Dataset records:
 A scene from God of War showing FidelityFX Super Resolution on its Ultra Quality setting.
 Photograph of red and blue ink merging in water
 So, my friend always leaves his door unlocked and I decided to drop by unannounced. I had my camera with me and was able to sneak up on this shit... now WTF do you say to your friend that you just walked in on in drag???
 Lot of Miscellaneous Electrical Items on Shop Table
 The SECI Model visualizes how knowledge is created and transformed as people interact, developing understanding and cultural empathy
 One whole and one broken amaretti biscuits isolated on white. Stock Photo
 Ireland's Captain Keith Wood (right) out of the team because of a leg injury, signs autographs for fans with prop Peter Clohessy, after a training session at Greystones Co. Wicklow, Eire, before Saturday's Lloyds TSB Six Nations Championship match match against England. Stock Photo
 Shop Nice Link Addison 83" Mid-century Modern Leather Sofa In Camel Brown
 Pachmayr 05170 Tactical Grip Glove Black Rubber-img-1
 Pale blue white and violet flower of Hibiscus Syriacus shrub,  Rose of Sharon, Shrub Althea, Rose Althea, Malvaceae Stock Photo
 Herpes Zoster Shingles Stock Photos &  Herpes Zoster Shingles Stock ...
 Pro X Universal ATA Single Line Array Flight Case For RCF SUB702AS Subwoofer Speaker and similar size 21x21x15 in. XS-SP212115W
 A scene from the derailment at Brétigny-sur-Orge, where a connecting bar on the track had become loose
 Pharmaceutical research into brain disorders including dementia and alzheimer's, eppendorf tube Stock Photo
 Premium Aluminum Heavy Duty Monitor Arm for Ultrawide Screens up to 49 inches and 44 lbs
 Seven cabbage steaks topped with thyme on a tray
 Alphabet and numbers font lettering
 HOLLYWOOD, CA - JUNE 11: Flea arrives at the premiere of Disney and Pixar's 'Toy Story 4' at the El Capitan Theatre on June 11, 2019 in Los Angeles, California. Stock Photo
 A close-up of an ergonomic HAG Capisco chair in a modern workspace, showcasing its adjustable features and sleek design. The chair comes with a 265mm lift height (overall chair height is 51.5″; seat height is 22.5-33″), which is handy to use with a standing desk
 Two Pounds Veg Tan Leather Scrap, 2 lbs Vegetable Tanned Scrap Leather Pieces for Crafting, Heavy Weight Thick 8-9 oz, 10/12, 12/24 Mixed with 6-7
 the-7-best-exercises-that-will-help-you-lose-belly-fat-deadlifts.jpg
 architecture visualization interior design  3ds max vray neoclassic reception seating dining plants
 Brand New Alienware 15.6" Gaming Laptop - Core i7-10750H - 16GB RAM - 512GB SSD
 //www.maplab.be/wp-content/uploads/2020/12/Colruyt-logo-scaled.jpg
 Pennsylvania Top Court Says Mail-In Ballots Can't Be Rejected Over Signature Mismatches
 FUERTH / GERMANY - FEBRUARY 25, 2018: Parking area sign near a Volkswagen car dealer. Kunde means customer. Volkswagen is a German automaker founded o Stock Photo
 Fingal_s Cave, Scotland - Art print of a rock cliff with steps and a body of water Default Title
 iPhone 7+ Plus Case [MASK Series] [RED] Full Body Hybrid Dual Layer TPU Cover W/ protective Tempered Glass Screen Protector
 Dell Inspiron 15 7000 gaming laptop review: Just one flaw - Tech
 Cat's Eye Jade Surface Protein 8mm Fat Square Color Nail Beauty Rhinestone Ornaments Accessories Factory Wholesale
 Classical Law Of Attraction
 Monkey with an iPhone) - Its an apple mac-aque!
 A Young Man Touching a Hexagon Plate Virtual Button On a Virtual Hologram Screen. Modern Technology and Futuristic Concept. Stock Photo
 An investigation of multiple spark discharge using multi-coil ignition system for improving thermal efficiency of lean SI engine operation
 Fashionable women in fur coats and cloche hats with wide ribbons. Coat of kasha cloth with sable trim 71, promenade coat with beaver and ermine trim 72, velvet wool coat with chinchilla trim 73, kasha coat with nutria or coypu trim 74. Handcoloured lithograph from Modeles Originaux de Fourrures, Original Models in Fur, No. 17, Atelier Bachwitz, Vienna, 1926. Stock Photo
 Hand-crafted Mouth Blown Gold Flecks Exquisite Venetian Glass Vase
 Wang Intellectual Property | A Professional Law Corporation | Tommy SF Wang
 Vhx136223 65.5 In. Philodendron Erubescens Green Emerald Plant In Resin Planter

TASK PROMPT =>
Set down only the lines above that fall between the line holding "One whole and" and the line holding "Ireland's Captain Keith", inclusive, keeping each exact.

SOLVED EXERCISE =>
 One whole and one broken amaretti biscuits isolated on white. Stock Photo
 Ireland's Captain Keith Wood (right) out of the team because of a leg injury, signs autographs for fans with prop Peter Clohessy, after a training session at Greystones Co. Wicklow, Eire, before Saturday's Lloyds TSB Six Nations Championship match match against England. Stock Photo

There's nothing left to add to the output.